As @fastbike wrote and as I have thought, the problem is the repeated RTTI call for each column and for each record. And there are 3 procedures which calls RTTI. In my case 7800 * 41 * 3.

How can we solve this performance problem?
One easy solution could be to made only one call to RTTI (combine the calls to GetNameAs, IsIgnoredAttribute, IsIgnoredComponent and GetNameCase).
Another idea is some kind of raw-parameter or an ignore-NameCase or ignore-MVCAttributes. In my case I don't need this functionality. See my code sample above. lName := Field.FieldName; works for me.
A universal solution could be some kind of cache (of RTTI calls). In DeserializeDataSet You could read all RTTI stuff of all fields and in JsonObjectToDataSet this cache could be used.

In attachment there is the new test project.
Example2.zip
image

I've made a small change to use the TMVCDataSetFields list, which is populated by calling GetDataSetFields in the TMVCJsonDataObjectsSerializer.JsonArrayToDataSet method , before enumerating the json array.

Time has now fallen from ~ 10 seconds to ~115 milliseconds. Two orders of magnitude faster which is a massive win !

The only gotcha at this stage is that I commented out the lines handling nested datasets to get the code to compile. Either we take a hit on having to make a separate calls to GetDataSetFields for each record that is a nested dataset or figure out another way of handling what could possibly be a recursive nested dataset scenario.

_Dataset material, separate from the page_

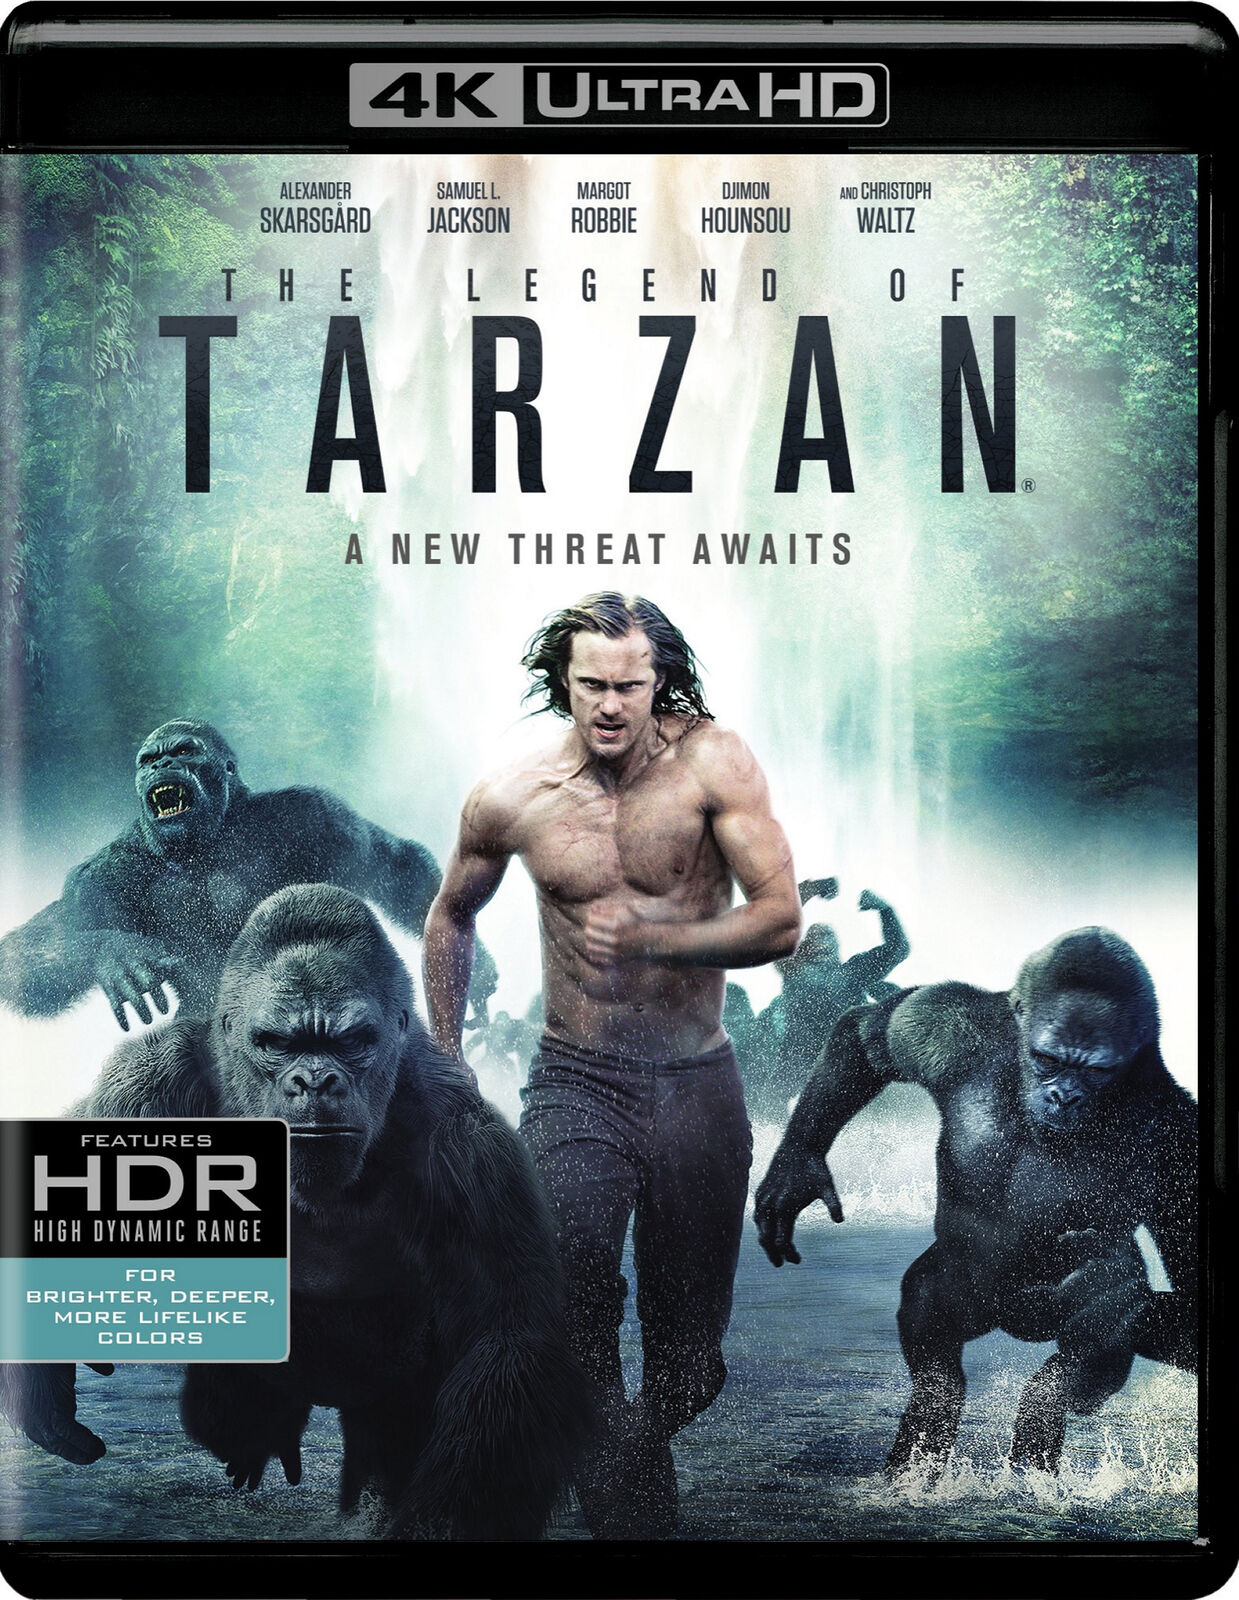 Legend Of Tarzan - 4K Blu-ray Action/Adventure 2016 PG-13

procedure TMVCJsonDataObjectsSerializer.JsonArrayToDataSet(const AJsonArray: TJDOJsonArray; const ADataSet: TDataSet;
  const AIgnoredFields: TMVCIgnoredList; const ANameCase: TMVCNameCase);
var
  I: Integer;
  Fields:  TMVCDataSetFields;
begin
  Fields := GetDataSetFields(ADataSet, AIgnoredFields, ANameCase);
  for I := 0 to Pred(AJsonArray.Count) do
  begin
    ADataSet.Append;
    JsonObjectToDataSet(AJsonArray.Items[I].ObjectValue, ADataSet, Fields);// AIgnoredFields, ANameCase);
    ADataSet.Post;
  end;
end;

and

procedure TMVCJsonDataObjectsSerializer.JsonObjectToDataSet(const AJsonObject: TJDOJsonObject;
  const ADataSet: TDataSet;   const ADataSetFields: TMVCDataSetFields);
var
  J: Integer;
  Field: TField;
  lName: string;
  SS: TStringStream;
  SM: TMemoryStream;
  NestedDataSet: TDataSet;
begin
  if (ADataSet.State in [dsInsert, dsEdit]) then
  begin
    for J := 0 to ADataSetFields.Count - 1 do
    begin
      lName := ADataSetFields[J].FieldName;
      Field := ADataSet.Fields[ADataSetFields[J].I];
      // case GetNameCase(ADataSet, ANameCase) of
      // ncLowerCase:
      // name := LowerCase(Field.FieldName);
      // ncUpperCase:
      // name := UpperCase(Field.FieldName);
      // end;
      if not AJsonObject.Contains(lName) then
        continue;
      if (AJsonObject[lName].Typ = jdtObject) and (AJsonObject.Values[lName].ObjectValue = nil) then
      // Nullable Type
      begin
        Field.Clear;
        continue;
      end;
      case Field.DataType of
// etc

I'd also suggest renaming the record property - for clarity - from "I" to "Index" if that does not break too many things

I can confirm. The change from @fastbike works much faster.
This is what I mean with RTTI cache.

Sounds Good! We need to find a way to get this improvements mantaining the same functionality level. I'll give a look ASAP. Thanks guys.

Hi guys. I did some changes based on your suggestion. That caused some refactoring about methods visibility, paramaters, types and so on. However, it should be OK. All the unit tests (currently 429) passed OK. Please, check it on your side, and thanks for your support.